Adelman back coaching Wolves after three-week break
MINNEAPOLIS — Rick Adelman is back on the court and coaching basketball after three weeks away to help his wife through a health scare.
His Minnesota Timberwolves lost nine of 11 games without him to fall behind in the powerful Western Conference playoff race.
Adelman helped restore hope in this downtrodden franchise when he came aboard before last season. So the Timberwolves have missed him. In some ways, though, Adelman may need the Wolves as much as they need him.
Adelman ran practice Monday and said he planned to coach against the Clippers on Wednesday night if all is satisfactory with Mary Kay Adelman, who is being treated for an undisclosed condition. Adelman said he delayed his return until he felt it would be for good. He said his wife is improving and he hopes the worst is over.

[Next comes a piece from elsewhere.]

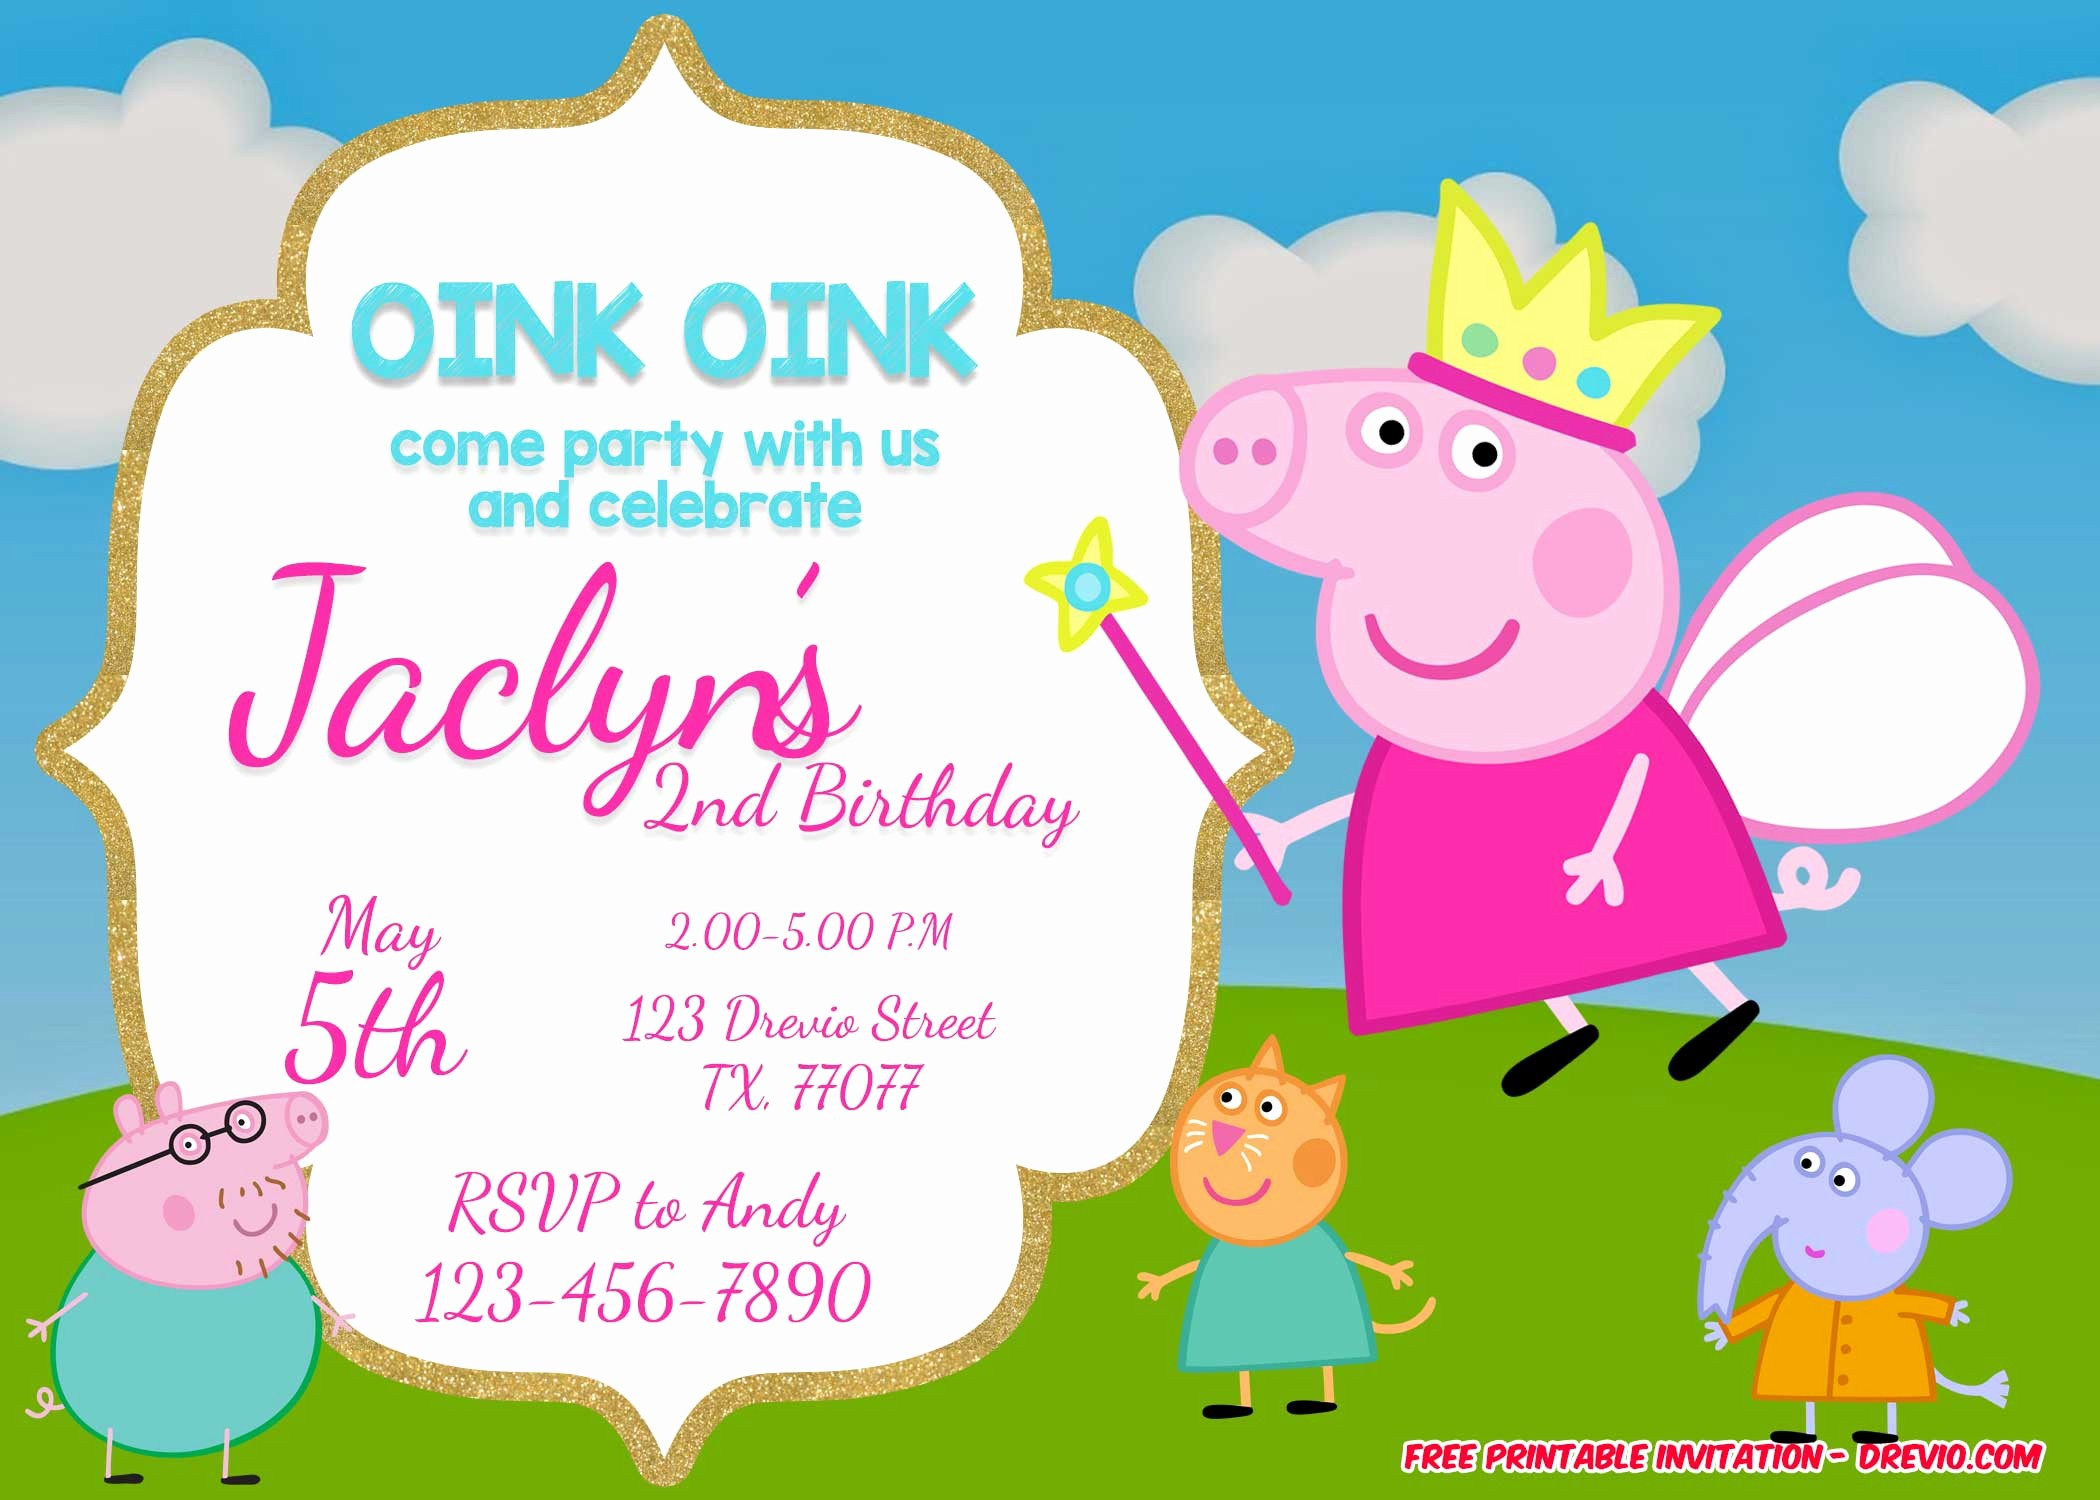 Free Templates for Birthday Invitations Fresh Free Printable Peppa Pig Invitation Birthday Templates

“It’s hard,” Adelman said, referring to his absence. “I’ve never done this. It’s never happened. But there’s some things that are more important than basketball or anything else. I think the team understands that. Hopefully things will settle down here now.”
Adelman declined to elaborate on his wife’s problems Monday. The issue surfaced this month and required her to be hospitalized while doctors set a treatment plan. Adelman missed practice Jan. 7, then missed his first game Jan. 8, a home win over the Atlanta Hawks with assistant Terry Porter filling in.
Any hopes the team had of navigating the tricky path without their coach ended with a wave of injuries. There were long-term injuries to Kevin Love, Brandon Roy, Chase Budinger, Josh Howard and Malcolm Lee, Recently, Nikola Pekovic and Alexey Shved sustained injuries that have kept them out for more than a week. Ricky Rubio is still working his way back from a torn ligament in his left knee last March.
A team that started the season with expectations of making the playoffs for the first time since 2004 is 17-24 — 12th place in the West. The Wolves have lost four straight, including a back-to-back on the road last weekend at Washington and Charlotte, where the Bobcats snapped a 16-game home losing streak.
Adelman has been in constant contact with his staff during his absence, speaking with Porter daily and with president of basketball operations David Kahn about possible roster moves. He returned for a brief meeting Jan. 16 to apprise his players of his situation and to give them a pep talk.
“We’ve got half the season left,” Adelman said Monday. “Even though a lot of things have been thrown our way, life moves on. You’ve got to find a way to get yourself energized and focus on what you can do right now. Like I told the team, everybody’s got to do a little bit more.”
Pekovic and Shved returned to practice Monday and hope to be available Wednesday when the Wolves start a six-game homestand. Adelman’s presence in practice gave the team a boost.
“It’s already a big deal,” forward Andrei Kirilenko said. “You feel the positive emotions get back. You were feeling down, but now you feel everything getting back to normal.”
Those who know Adelman well speak with fondness about his love for Mary Kay. The rare smiles seen on the curmudgeonly coach’s face usually come before games she attends, when he looks for her in the stands and gives her a wave before pregame introductions.
“Obviously he’s had a difficult time,” said Porter, whose relationship with Adelman dates to the late 1980s when he was a point guard on Adelman’s Portland teams. “For me, it was stepping in and doing the best I can to try to leave less stress on his plate, so to speak. It’s part of my job too to be able to step up in there when it’s called upon.”
Getting back on the court appeared to be good therapy for Adelman. The basketball lifer returned to the routine he’s had for decades, and his mood lightened when asked about the job Porter has done. He joked about a $2,000 fine Porter incurred for a recent technical foul.
“I’ll take some of the other stuff,” Adelman said. “But he’s got to pay for his own technical.”
Adelman has tried to keep his wife’s situation private. Two of their sons also work for the team — R.J. in the front office, David on the coaching staff. Both remained at work while their father was away.
“They’re looking better,” Adelman said. “We’re going to take it each day as it comes.”